The Cupertino, California-based firm reported a fourth consecutive quarterly drop in revenue, with revenue in its final quarter down 0.7% to USD89.50 billion from USD90.15 billion the year before. The company's financial year runs to September 30.

However, net income rose 11% to USD22.96 billion from USD20.72 billion. Basic earnings per share rose to USD1.47 from USD1.29.

iPhone sales climbed to USD43.81 billion from USD42.67 billion the year before, while services sales jumped to USD22.31 billion from USD19.19 billion.

"Today Apple is pleased to report a September quarter revenue record for iPhone and an all-time revenue record in Services," said Tim Cook, Apple's chief executive. "We now have our strongest lineup of products ever heading into the holiday season, including the iPhone 15 lineup and our first carbon neutral Apple Watch models, a major milestone in our efforts to make all Apple products carbon neutral by 2030."

Whilst Cook remained positive, market attention was on sales dropping in China. In China sales fell to USD15.08 billion in the quarter, down 2.5% from USD15.47 billion a year earlier.

Ipek Ozkardeskaya, Swissquote Bank, called the demand in China "sluggish", and blamed it for denting revenue.

AJ Bell's Mould said: "Chinese sales were markedly below expectations and the political risks in that market are undoubtedly becoming more of a headache for Apple."

In recent months, there have been reports of significant Chinese restrictions on iPhones at government offices and state-backed entities. The tech giant first established a presence in China in 1993.

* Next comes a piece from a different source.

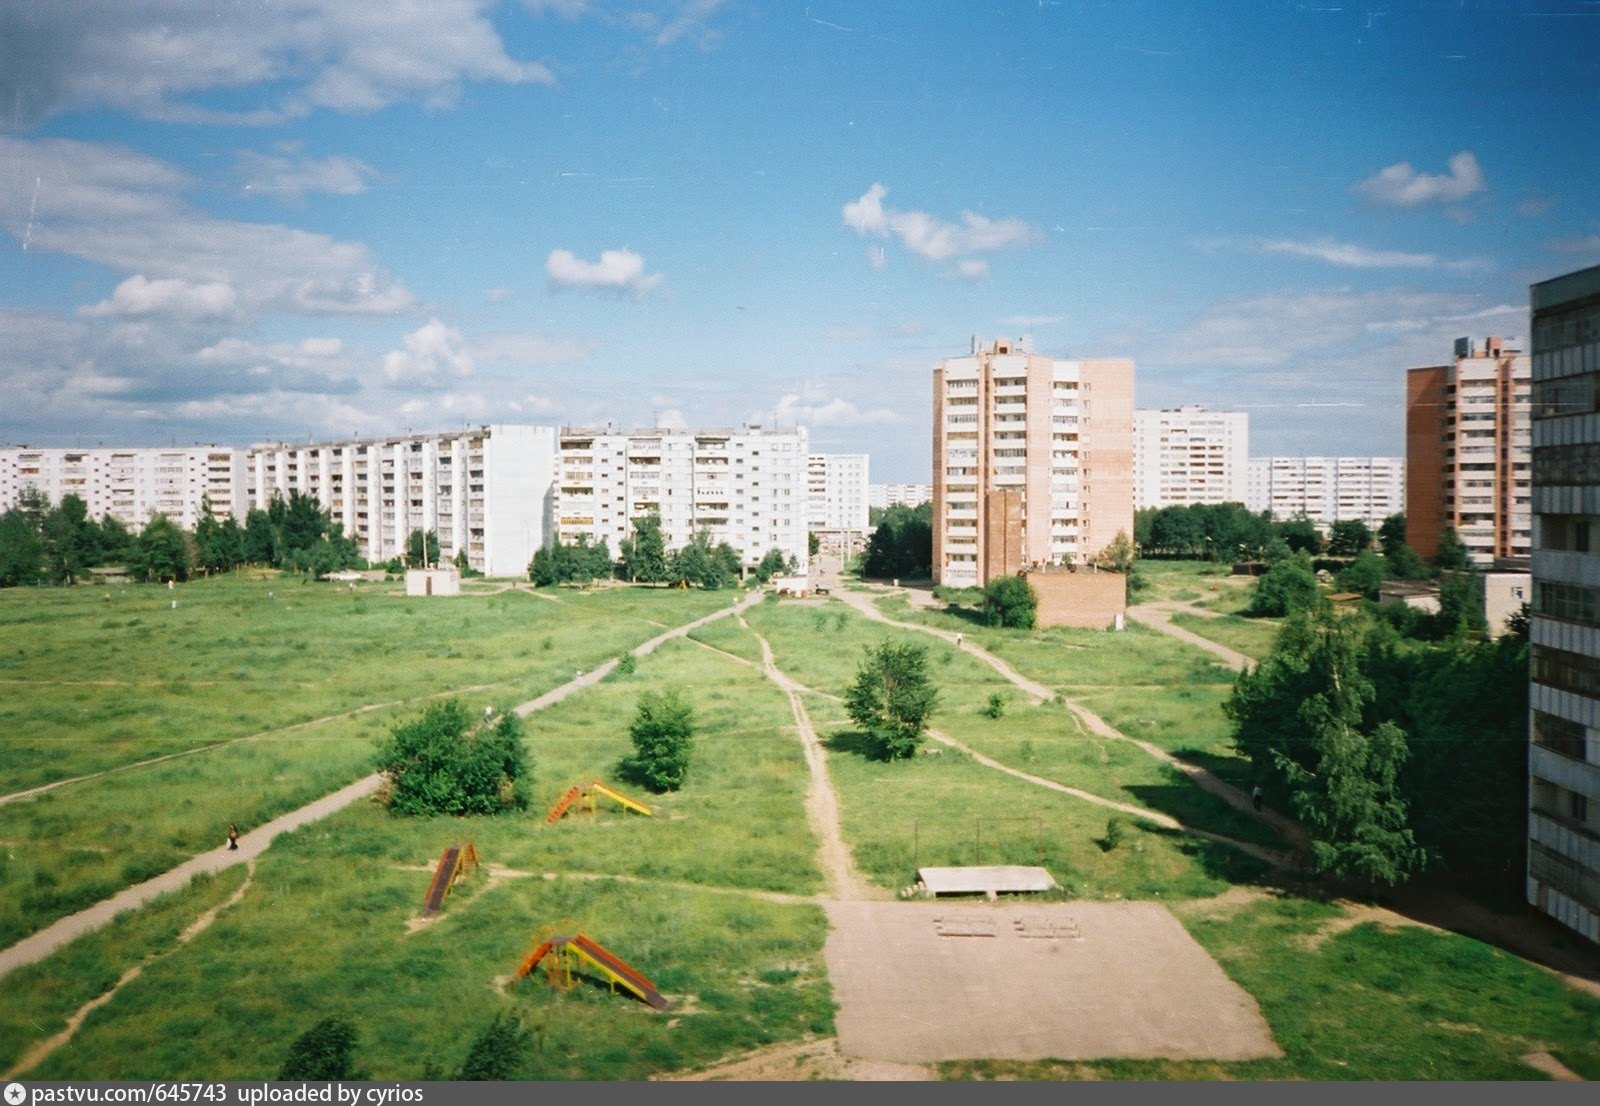 Микрорайон 11 б. 11 Микрорайон. Микрорайон зеленый в 1995 году. Казань 1997 год фото. Коньково 2 микрорайон фото.
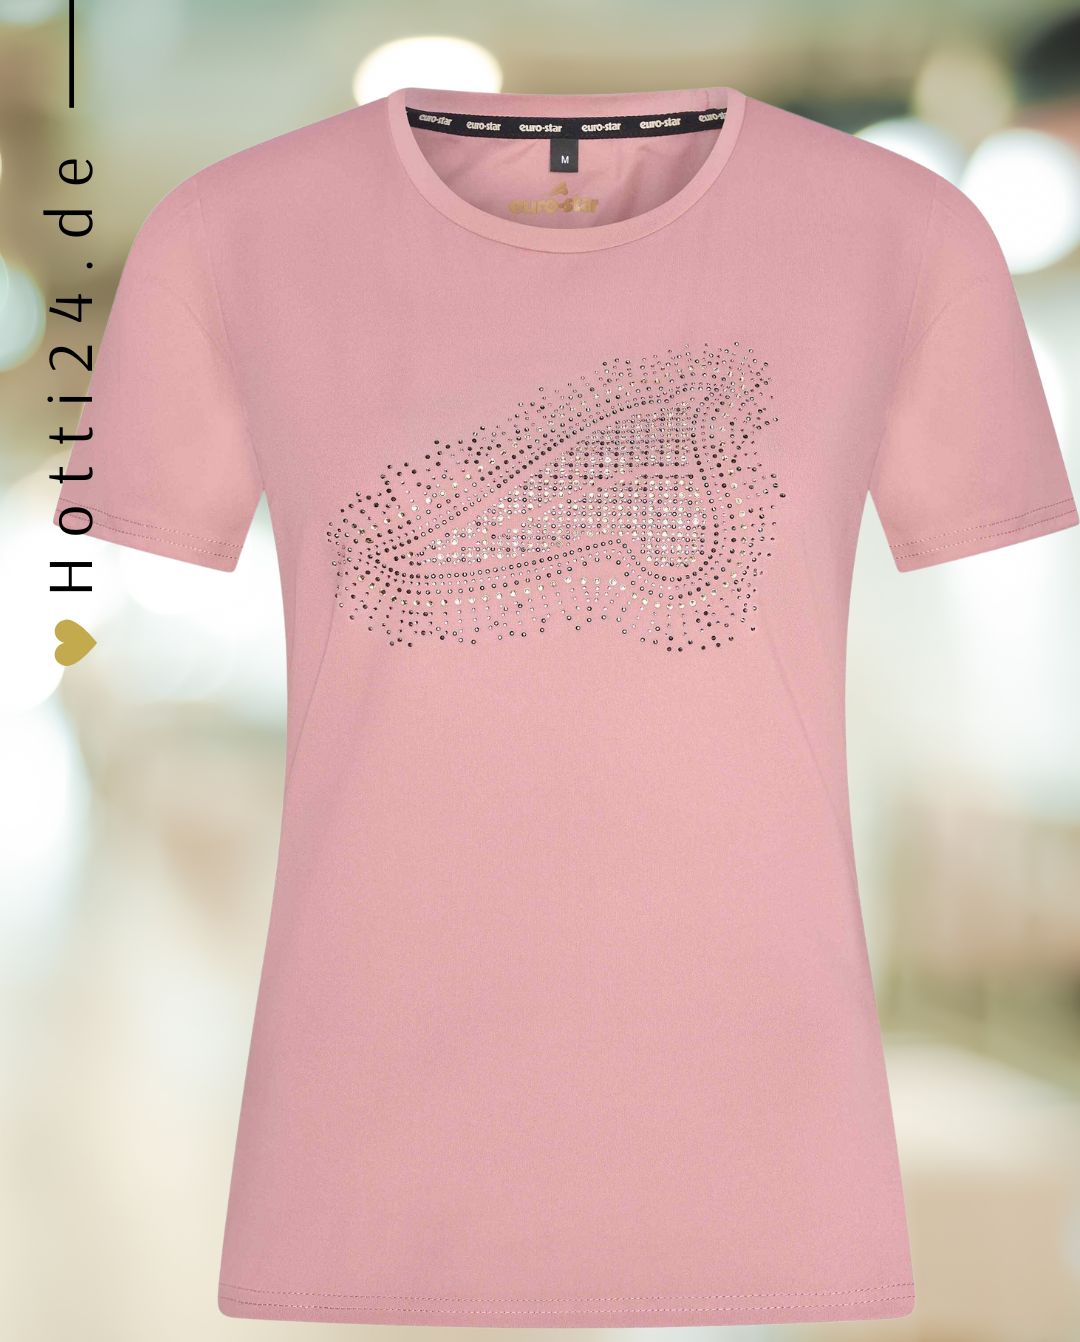 Euro Star »Damen T-Shirt ESMirella Rosa, hat eine normale Passform und kurze Arme. Das T-Shirt hat einen tollen großen Strass-Druck. Damit ziehen Sie den Blick auf sich Artikelnummer 9422-1009-3168 erhältlich bei www.Hotti24.de

As well as restrictions from regulation, Apple has also faced some stiffer competition from local competitors such as Huawei.

Looking ahead, Apple's outlook has also presented a concern to investors.

"Apple has sounded the alarm over Christmas demand, in what could be taken as a sign of creaking consumer resilience," said Sophie Lund-Yates, lead equity analyst at Hargreaves Lansdown.

"Convincing people to upgrade a loftily-priced iPhone at a time of year that's already tough on wallets in the current climate, just became a much harder task indeed."